Peter Bridges remembered
Music director inspired students and performers
By Heidi Masek firstname.lastname@example.org
The many students and colleagues of Peter Bridges speak of a man who had incredible talent both as a musician and a teacher, and an incredible gift for bringing out talent in others.
Bridges, 50, of New London, died June 1 leaving behind his wife Heather of two years and 19-month-old son James, after a long illness. His impact on the theater community in New Hampshire was broad. He had been the music director for 300 performances, conducted choirs, played organ and piano and taught voice, piano and keyboard. He also left an impression on students and colleagues in Westfield, N.J., where he taught for 15 years.
Many remarked that Bridges was just as dedicated to community performances as to professional ones.
“I think he found community theater an avenue to let people shine,” Robert Dionne, artistic director and founding member of the Majestic Theatre in Manchester, said. “He had a strong philosophy about what [community theater] should be and what it shouldn’t be.” Bridges was “setting [people] up in a way that they could use the talent they had,” Dionne said.
Producing quality shows wasn’t a self-serving goal, said Ann Marie (Niemsyk) Squerrini of Bethlehem, Penn., who worked with Bridges in the early 1990s.
“He wanted his performers be the best that they could be and be happy with their performance. He’d do whatever he could to make that happen,” Squerrini said.
“He loved it when the show came together, after a lot of hard work. He was very quiet and unassuming, thoughtful, and I never heard him raise his voice,” Peter Ramsey, president and CEO of the Palace Theatre, said. He called Bridges a “very fine musical director.”
“Over all my thoughts of Peter was that he was so kind,” Ramsey said. “It will be a terrible a loss to the community and to New Hampshire in general and to his many many family and friends,” he said.

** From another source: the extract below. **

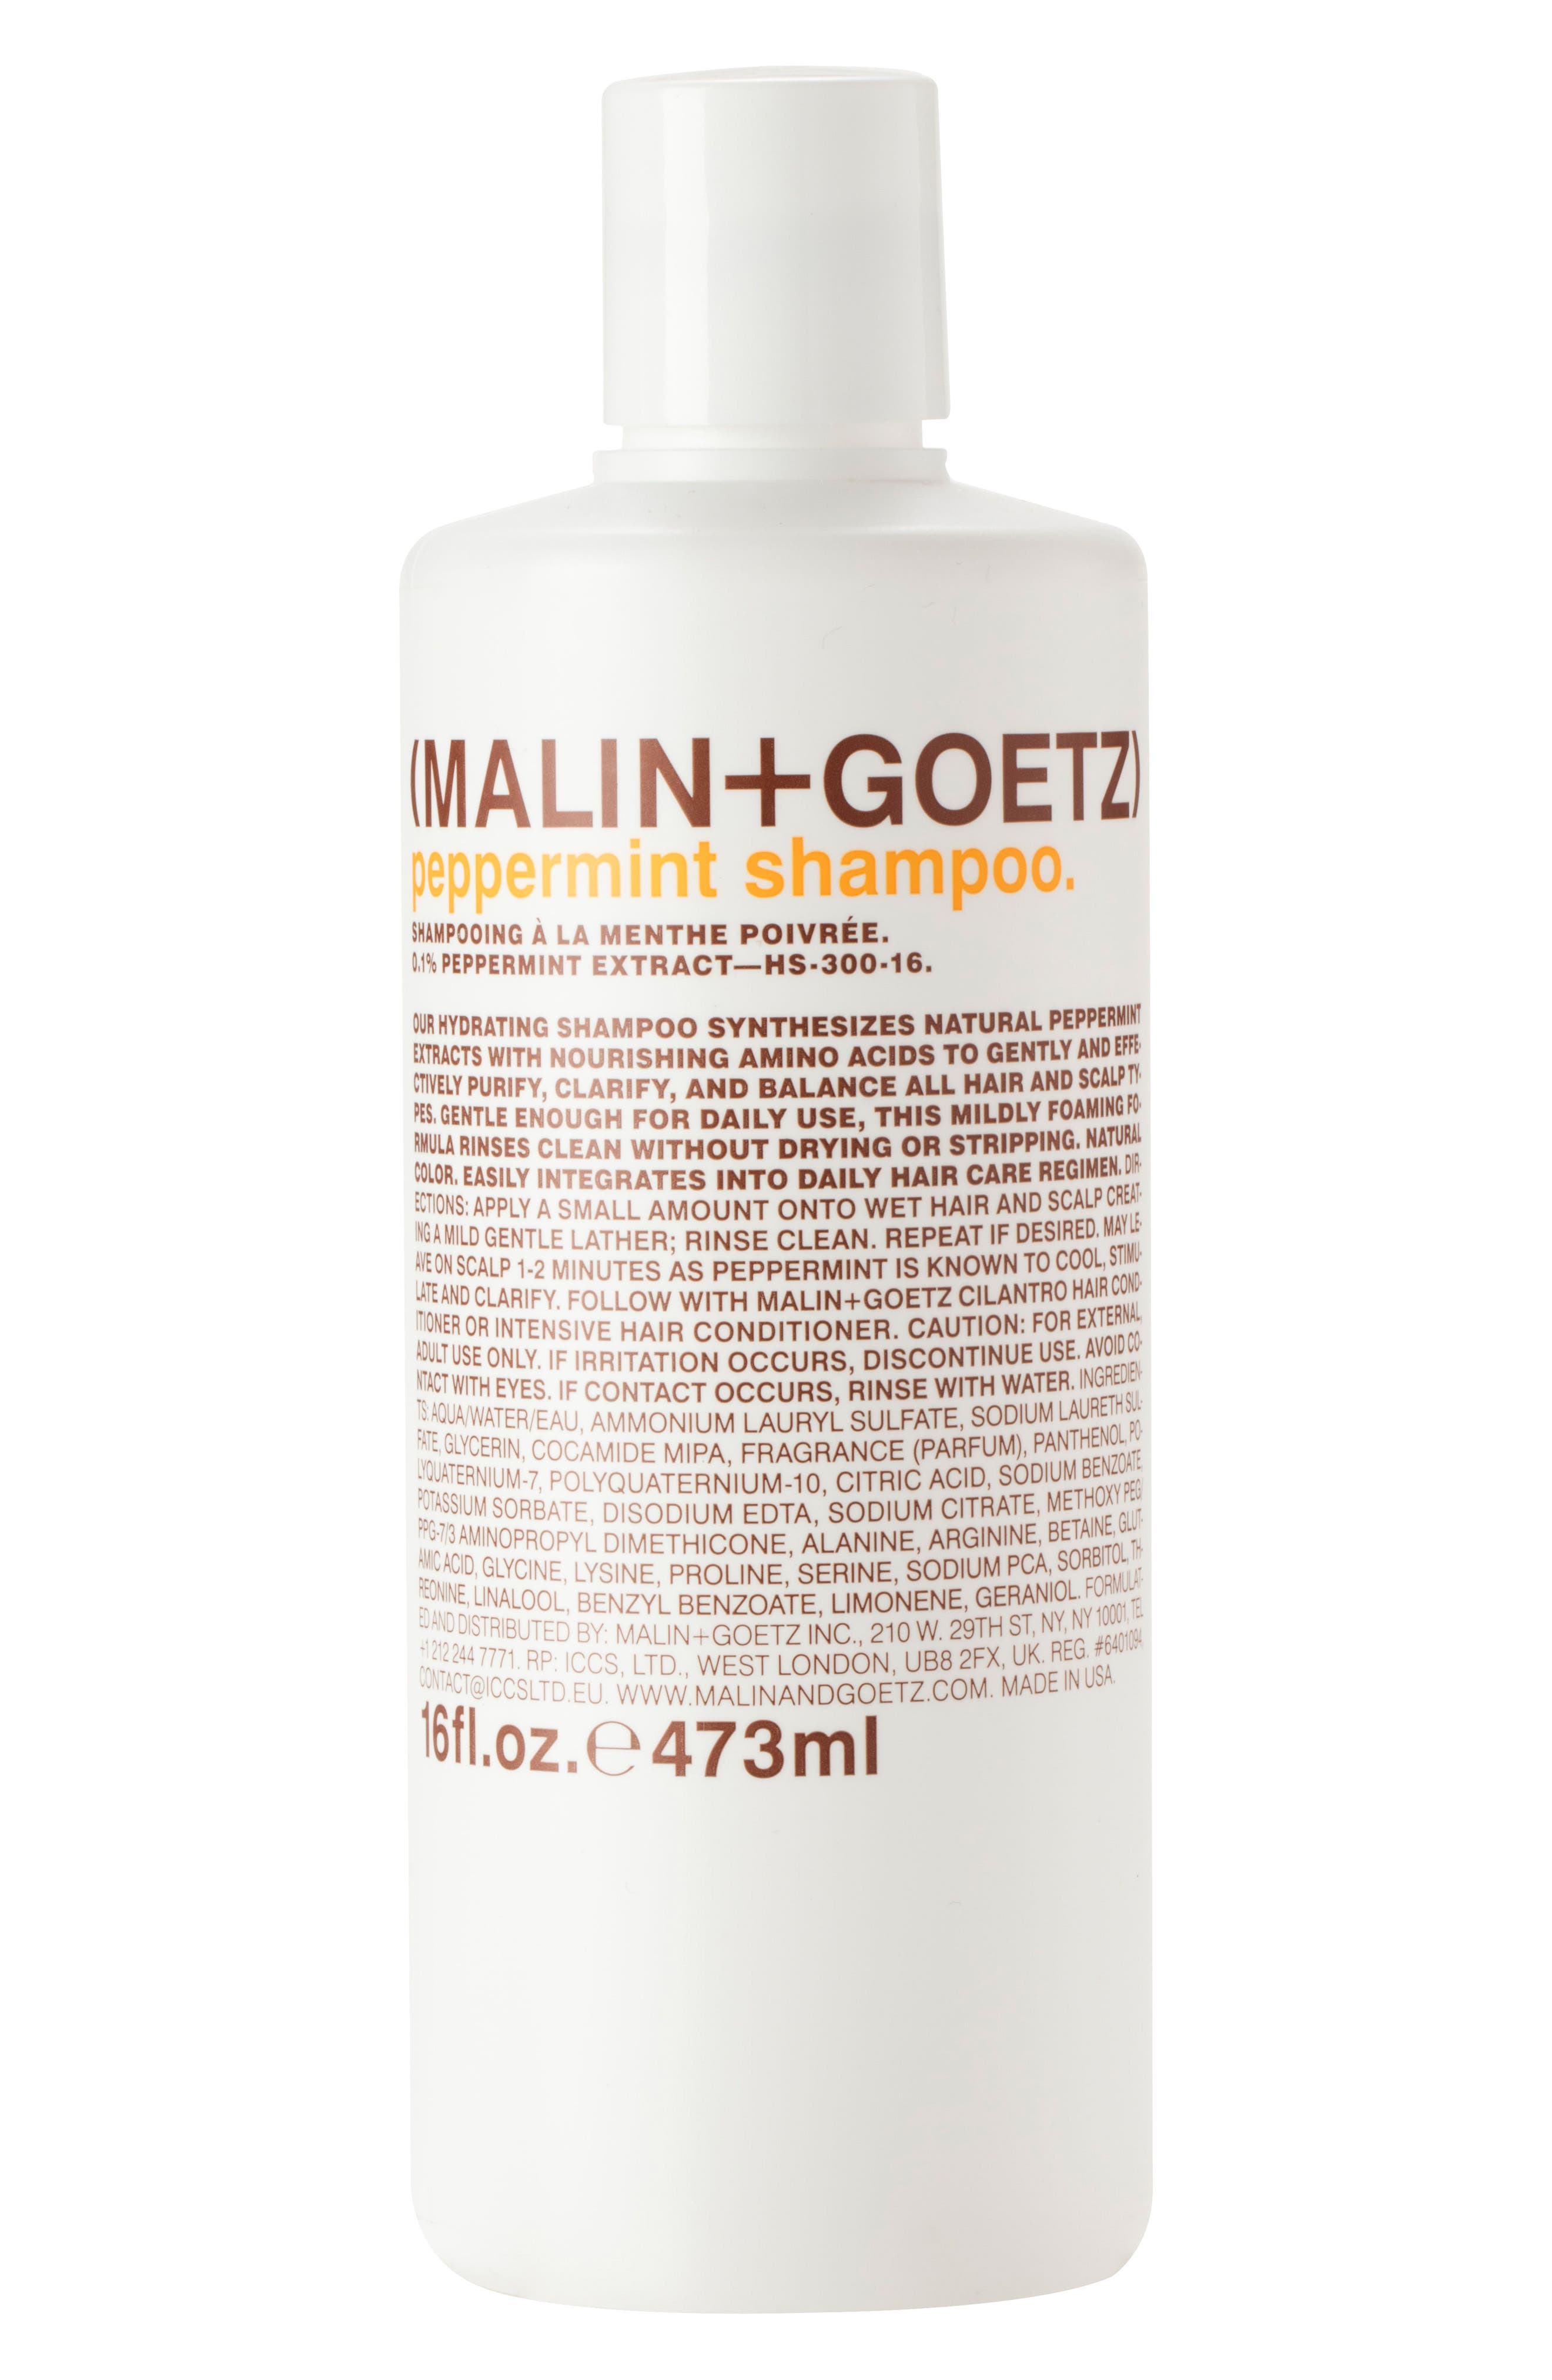 Alternate Image 1 Selected - MALIN+GOETZ Peppermint Shampoo

Bridges was also known for his musical flexibility; Dionne recalled that Bridges went so far as to write extra vocal parts for a Majestic show.

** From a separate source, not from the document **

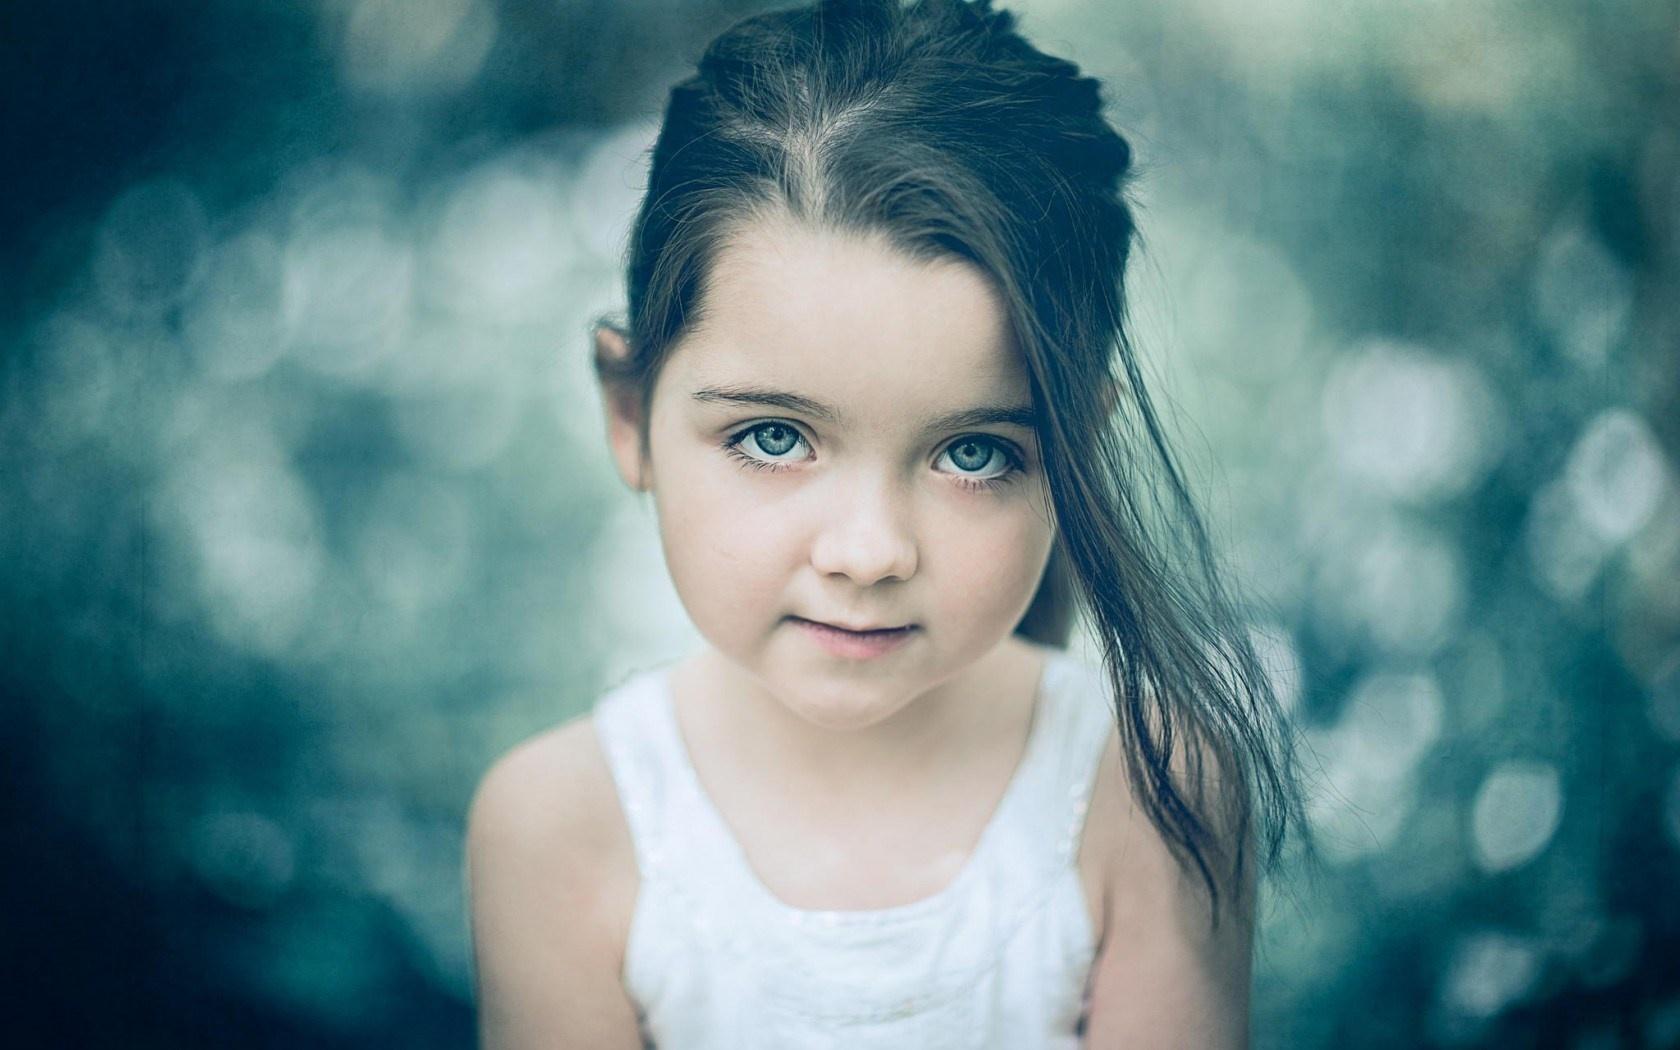 Cute Kid Girl HD Wallpaper   Stylish HD Wallpapers 1680x1050

Bridges impressed Holly Countie, of the Peacock Players, with his ability to play music from memory or improvise to accompany. He could rework a boring tune. “He took ‘Conjunction Junction’ and made it the sexiest song I’ve ever heard,” Countie said. She asked for a patriotic flavor to a song, and he transposed it to show that. “He was all for making the best possible production that could be,” Squerrini said.
“Oh my goodness, and he was so wonderful with the children,” Countie said. One of Countie’s favorite memories of him was when an 8-year-old started rubbing the bald spot on Bridges’ head while he was playing piano for the young cast to warm up. It was something the girl would do to a father or grandfather, Countie said. Bridges just kept playing the piano.
“I think it’s because he didn’t treat them like kids,” Squerrini said about how Bridges could get his middle-school students to produce the sound he wanted. He could make them feel good about themselves, even if the sound wasn’t there.
“He gave me confidence in myself, he wouldn’t let me quit,” Murray Haynes of Manchester said. Haynes had met Bridges at the Majestic and took voice lessons to help him with acting. Eventually Haynes could handle solos.
“He was just a warm, gentle, beautiful man.” Beyond who Bridges was or what he did, his legacy will be the people he helped, Haynes said.
A memorial was held for him Sunday in Hooksett.